Re: HTTP Session Extension draft from Jeffrey Mogul on 1995-07-06 (ietf-http-wg@w3.org from July to September 1995)

From: Jeffrey Mogul <mogul@pa.dec.com>
Date: Thu, 06 Jul 95 12:03:17 MDT
To: Chuck Shotton <cshotton@biap.com>
Cc: http-wg%cuckoo.hpl.hp.com@hplb.hpl.hp.com
Message-Id: <9507061903.AA29844@acetes.pa.dec.com>
    >Not necessarily.  My simulations, using traces from several busy servers,
    >show that with certain choices of server parameters, the peak number of
    >TIME_WAIT entries is well below 1000.  That is, the use of sessions
    >can actually reduce the number of TIME_WAIT entries by an order of
    >magnitude (compared to non-session HTTP).  More details in my SIGCOMM
    >paper, or look at
    >    http://www.research.digital.com/wrl/publications/abstracts/95.4.html
    
    Now, how does that relate to the multitude of non-Unix servers on
    the Internet?

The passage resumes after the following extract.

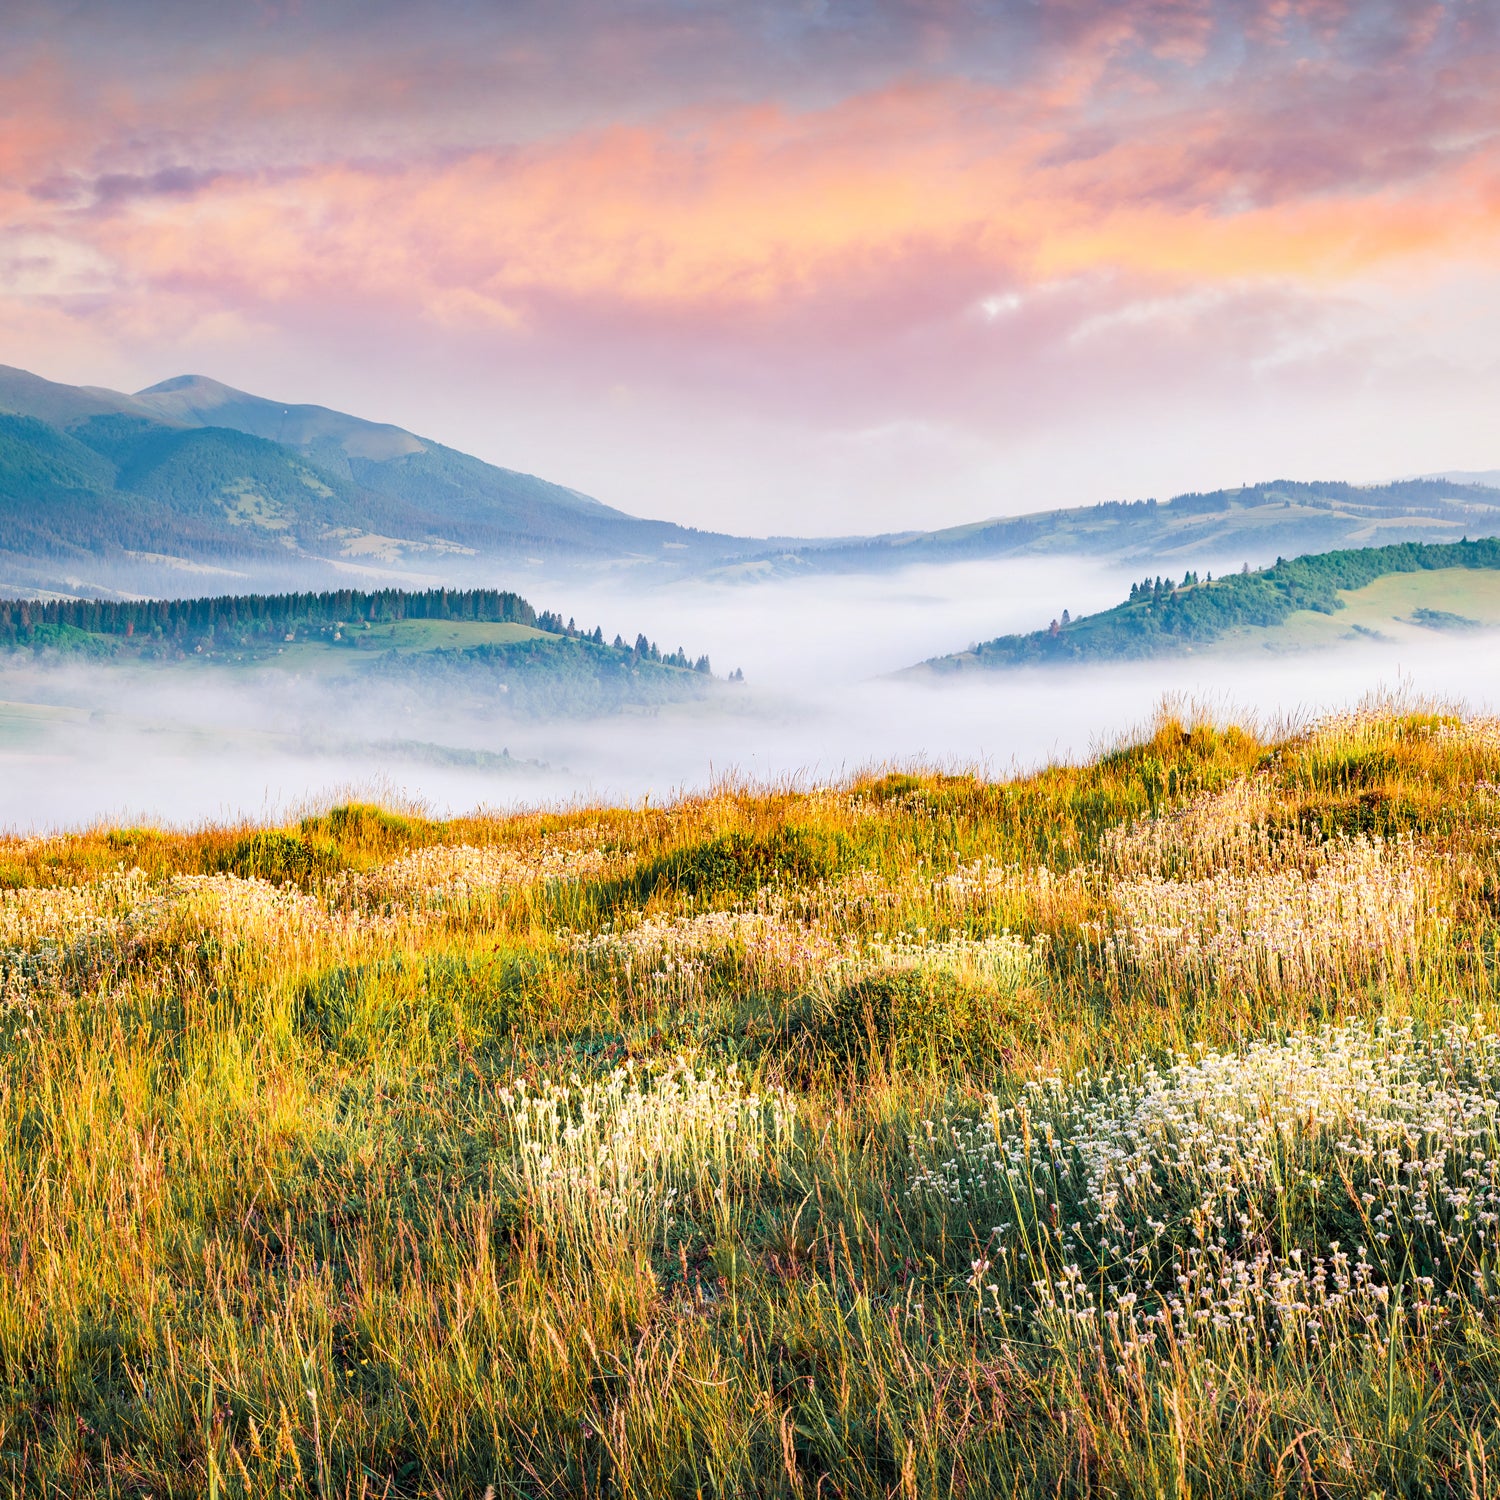 A serene mountain meadow with morning mist - the inspiration for this odor-neutralizing scented candle

Please remember that WWW <> Unix and HTTP <> Unix and
    TCP/IP <> Unix. There are LOTS of implementations of WWW software
    that have absolutely nothing to do with Unix, Unix kernel settings,
    Unix kernel performance, Unix IP stacks, or anything else to do
    with Unix. The reason this is an issue is that you cannot predicate
    protocol decisions solely on the implementation of IP stacks on
    Unix hosts.

Please tell me where I used the word "UNIX" in my message.  In fact,
absolutely nothing in my simulations is UNIX-specific.

The requirement that a TCP implementation maintain TIME_WAIT records
is part of the TCP specification.  It is a mandatory requirement on
all TCP implementations.  If you want to argue that non-UNIX servers
should not have to meet the TCP specification, that's another story.
But then the whole process of creating standards is rather pointless,
if that's the case.
    
    You can bet that non-Unix TCP/IP stacks have radically different resource
    constraints and performance issues.
    
That is a valid point.  The HTTP specification should certainly not
require servers to keep connections open any longer than they want to.
A server implementor should keep the relevant resource constraints
in mind when setting server policies.

My simulations examined a range of server policies, including one in
which the server keeps a very small number of connections open.  Read
the paper to see the results.

True, I did not simulate a server that keeps only one connection open
at a time.  Such a server would presumably not want to use sessions,
so I didn't bother to simulate how sessions would affect it.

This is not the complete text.